DATA FOR ANALYSIS:
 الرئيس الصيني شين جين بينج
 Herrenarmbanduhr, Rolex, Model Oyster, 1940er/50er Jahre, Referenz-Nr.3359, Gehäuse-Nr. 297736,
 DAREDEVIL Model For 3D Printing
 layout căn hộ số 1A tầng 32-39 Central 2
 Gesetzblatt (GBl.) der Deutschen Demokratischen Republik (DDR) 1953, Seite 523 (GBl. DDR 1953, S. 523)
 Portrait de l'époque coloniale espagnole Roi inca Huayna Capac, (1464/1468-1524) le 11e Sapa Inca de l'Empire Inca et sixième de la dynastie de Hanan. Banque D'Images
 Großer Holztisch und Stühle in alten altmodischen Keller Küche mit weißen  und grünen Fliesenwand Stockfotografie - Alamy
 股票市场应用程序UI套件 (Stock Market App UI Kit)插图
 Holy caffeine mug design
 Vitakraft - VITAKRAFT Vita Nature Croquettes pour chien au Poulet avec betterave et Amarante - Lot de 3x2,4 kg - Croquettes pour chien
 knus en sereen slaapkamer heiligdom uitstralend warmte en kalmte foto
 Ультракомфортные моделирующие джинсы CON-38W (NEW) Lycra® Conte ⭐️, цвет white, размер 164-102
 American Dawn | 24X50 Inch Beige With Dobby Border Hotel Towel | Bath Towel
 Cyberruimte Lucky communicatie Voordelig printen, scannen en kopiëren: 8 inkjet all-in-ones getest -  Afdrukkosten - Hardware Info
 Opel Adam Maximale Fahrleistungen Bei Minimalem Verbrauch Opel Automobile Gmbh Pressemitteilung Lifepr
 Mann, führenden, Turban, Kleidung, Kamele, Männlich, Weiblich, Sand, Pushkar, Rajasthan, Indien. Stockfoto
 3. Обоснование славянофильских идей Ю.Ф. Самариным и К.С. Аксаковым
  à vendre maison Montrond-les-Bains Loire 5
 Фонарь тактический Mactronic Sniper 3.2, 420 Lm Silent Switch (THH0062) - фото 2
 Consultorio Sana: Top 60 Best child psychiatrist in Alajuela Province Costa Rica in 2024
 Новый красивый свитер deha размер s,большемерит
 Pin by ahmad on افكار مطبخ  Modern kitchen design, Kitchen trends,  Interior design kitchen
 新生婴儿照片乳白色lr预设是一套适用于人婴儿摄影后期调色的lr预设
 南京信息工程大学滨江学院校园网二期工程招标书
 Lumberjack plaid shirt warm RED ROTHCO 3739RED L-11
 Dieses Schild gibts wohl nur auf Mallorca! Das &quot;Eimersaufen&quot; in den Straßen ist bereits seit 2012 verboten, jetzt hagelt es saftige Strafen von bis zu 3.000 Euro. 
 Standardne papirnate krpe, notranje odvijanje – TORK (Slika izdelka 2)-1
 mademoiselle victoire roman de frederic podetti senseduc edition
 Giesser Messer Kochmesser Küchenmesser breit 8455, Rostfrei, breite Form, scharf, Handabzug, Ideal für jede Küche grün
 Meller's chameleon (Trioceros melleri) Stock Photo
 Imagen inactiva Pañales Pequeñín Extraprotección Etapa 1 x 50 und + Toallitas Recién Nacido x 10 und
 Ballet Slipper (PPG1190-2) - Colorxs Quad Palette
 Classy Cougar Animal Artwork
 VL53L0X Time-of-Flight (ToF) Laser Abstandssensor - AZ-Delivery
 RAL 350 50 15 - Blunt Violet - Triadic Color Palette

ACTIVITY: Copy out every entry, keeping each line exactly as it is.

RESULT OF THE TASK:
 الرئيس الصيني شين جين بينج
 Herrenarmbanduhr, Rolex, Model Oyster, 1940er/50er Jahre, Referenz-Nr.3359, Gehäuse-Nr. 297736,
 DAREDEVIL Model For 3D Printing
 layout căn hộ số 1A tầng 32-39 Central 2
 Gesetzblatt (GBl.) der Deutschen Demokratischen Republik (DDR) 1953, Seite 523 (GBl. DDR 1953, S. 523)
 Portrait de l'époque coloniale espagnole Roi inca Huayna Capac, (1464/1468-1524) le 11e Sapa Inca de l'Empire Inca et sixième de la dynastie de Hanan. Banque D'Images
 Großer Holztisch und Stühle in alten altmodischen Keller Küche mit weißen  und grünen Fliesenwand Stockfotografie - Alamy
 股票市场应用程序UI套件 (Stock Market App UI Kit)插图
 Holy caffeine mug design
 Vitakraft - VITAKRAFT Vita Nature Croquettes pour chien au Poulet avec betterave et Amarante - Lot de 3x2,4 kg - Croquettes pour chien
 knus en sereen slaapkamer heiligdom uitstralend warmte en kalmte foto
 Ультракомфортные моделирующие джинсы CON-38W (NEW) Lycra® Conte ⭐️, цвет white, размер 164-102
 American Dawn | 24X50 Inch Beige With Dobby Border Hotel Towel | Bath Towel
 Cyberruimte Lucky communicatie Voordelig printen, scannen en kopiëren: 8 inkjet all-in-ones getest -  Afdrukkosten - Hardware Info
 Opel Adam Maximale Fahrleistungen Bei Minimalem Verbrauch Opel Automobile Gmbh Pressemitteilung Lifepr
 Mann, führenden, Turban, Kleidung, Kamele, Männlich, Weiblich, Sand, Pushkar, Rajasthan, Indien. Stockfoto
 3. Обоснование славянофильских идей Ю.Ф. Самариным и К.С. Аксаковым
  à vendre maison Montrond-les-Bains Loire 5
 Фонарь тактический Mactronic Sniper 3.2, 420 Lm Silent Switch (THH0062) - фото 2
 Consultorio Sana: Top 60 Best child psychiatrist in Alajuela Province Costa Rica in 2024
 Новый красивый свитер deha размер s,большемерит
 Pin by ahmad on افكار مطبخ  Modern kitchen design, Kitchen trends,  Interior design kitchen
 新生婴儿照片乳白色lr预设是一套适用于人婴儿摄影后期调色的lr预设
 南京信息工程大学滨江学院校园网二期工程招标书
 Lumberjack plaid shirt warm RED ROTHCO 3739RED L-11
 Dieses Schild gibts wohl nur auf Mallorca! Das &quot;Eimersaufen&quot; in den Straßen ist bereits seit 2012 verboten, jetzt hagelt es saftige Strafen von bis zu 3.000 Euro. 
 Standardne papirnate krpe, notranje odvijanje – TORK (Slika izdelka 2)-1
 mademoiselle victoire roman de frederic podetti senseduc edition
 Giesser Messer Kochmesser Küchenmesser breit 8455, Rostfrei, breite Form, scharf, Handabzug, Ideal für jede Küche grün
 Meller's chameleon (Trioceros melleri) Stock Photo
 Imagen inactiva Pañales Pequeñín Extraprotección Etapa 1 x 50 und + Toallitas Recién Nacido x 10 und
 Ballet Slipper (PPG1190-2) - Colorxs Quad Palette
 Classy Cougar Animal Artwork
 VL53L0X Time-of-Flight (ToF) Laser Abstandssensor - AZ-Delivery
 RAL 350 50 15 - Blunt Violet - Triadic Color Palette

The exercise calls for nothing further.